One of our hosting filer units has stopped responding, likely due to a hardware fault. We recommend that you do not attempt to restart your server if it is not responding, and to wait until the incident is resolved. Our teams are on site to investigate and we will keep you informed of developments.
Update: 11:38 CET (10:38 GMT): The issue involves a control head on our old storage system. A fault on the disk controller has resulted in an interruption of service. We are currently recovering the storage volume.
Update 12:12 CET (11:12 GMT): We have corrected a kernel bug which in the event of a hard fault on the controller, will enable use to resolve the situation rapidly. We will be restarting the service shortly.
Update 13:01 CET (12:01 GMT): We have restarted the service on this filer. We are monitoring the controller for now, and will apply a patch during the afternoon which will incur a brief outage of this filer which is not expected to last more than a minute.
We have experienced a partial power failure at Equinix PA2 at 10:07 CEST this morning. The power failure lasted a few seconds, but had a knock-on effect on some equipment, notably some older generation equipment with single power supply causing them to reboot, and lose network connectivity with some backend services.
Our teams are working to restore all affected services.
Due to large DDoS attacks against hosts within the Gandi Network, network connectivity is suboptimal. We are seeing peak traffic in excess of 30Gbps as part of this attack.
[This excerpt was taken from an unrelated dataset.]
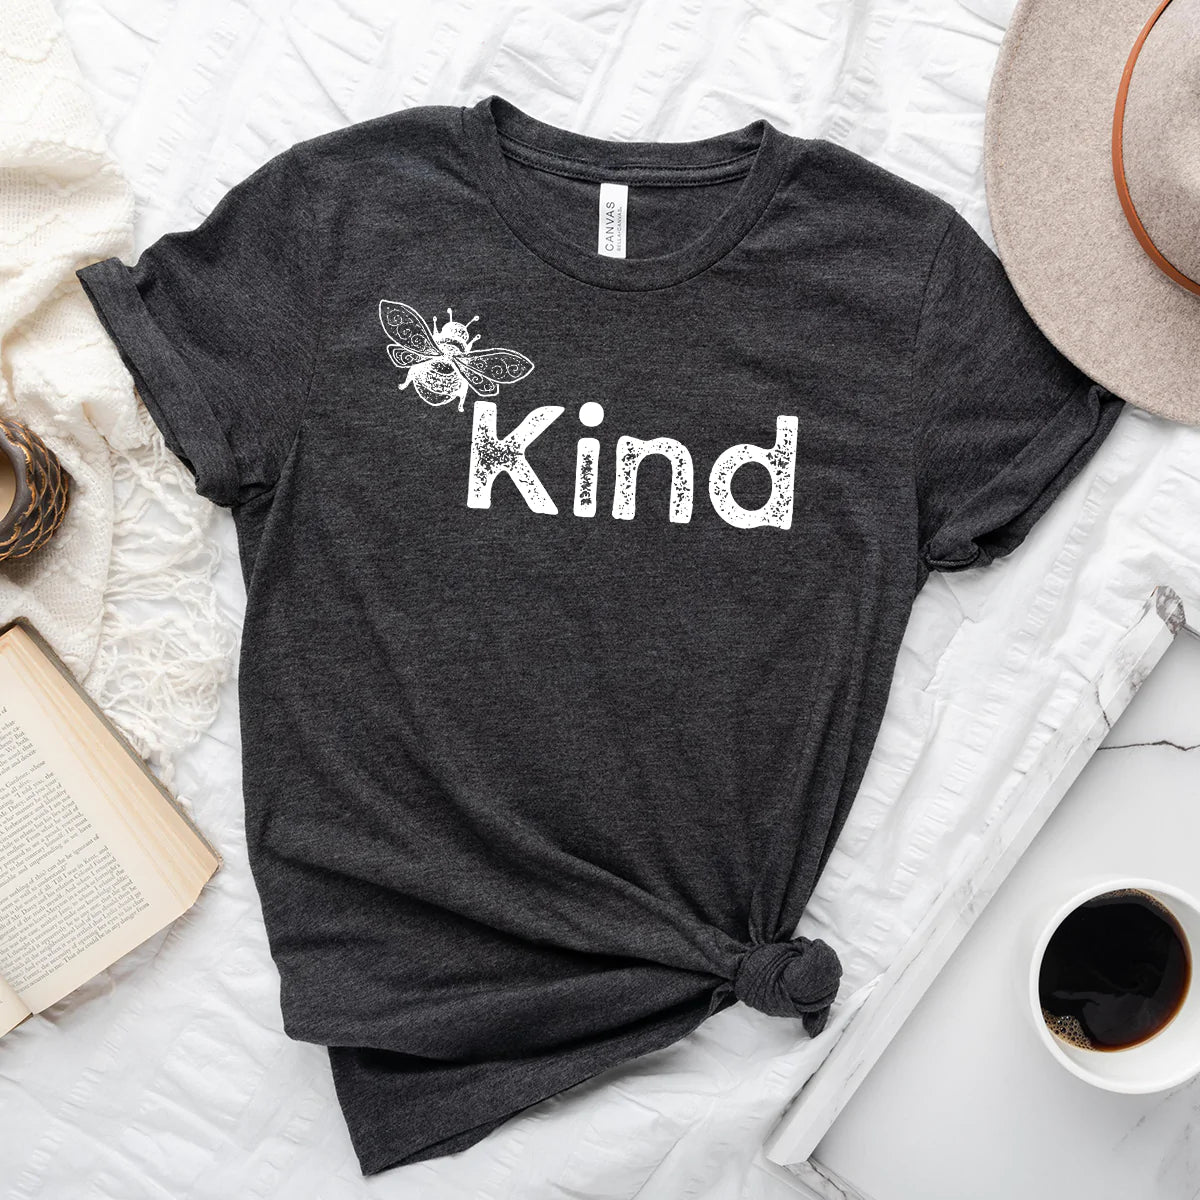 Bee Kind T-Shirt

We are attempting to mitigate the effects of this attack, but some of these actions will result in sub-optimal routing between the Gandi network and some of our customers as long as the attacks persist.
Snapshots now use 50% less quota than before, and since the use of quota is divided in half, the operation is twice as fast!
This also means that you don't need as much available quota as before in order to take a Snapshot. For example, before, if you wanted to take a snapshot of a 10GB disk, you would have to have 10GB of unused quota available in your account. At present, however, for the same disk, you just need 5GB free.
The problem encountered yesterday on a hosting filer is occuring on another unit since 13:45 (GMT). We had planned a maintenance window to apply yesterdays patch across all storage unites, but due to this urgent situation we will be applying the patch immediately to the affected filer, and then on the remaining ones as quickly as possible.
Once again we apologise for the inconvenience caused.
14:30 GMT (7:30 AM CET): The patch is installed, and the filer is rebooting
14:38 GMT (7:38 AM CET): The filer has rebooted, we are inspecting the affected servers
15:17 GMT (8:17 AM CET): The service has returned to nominal operation and this emergency maintenance has been completed.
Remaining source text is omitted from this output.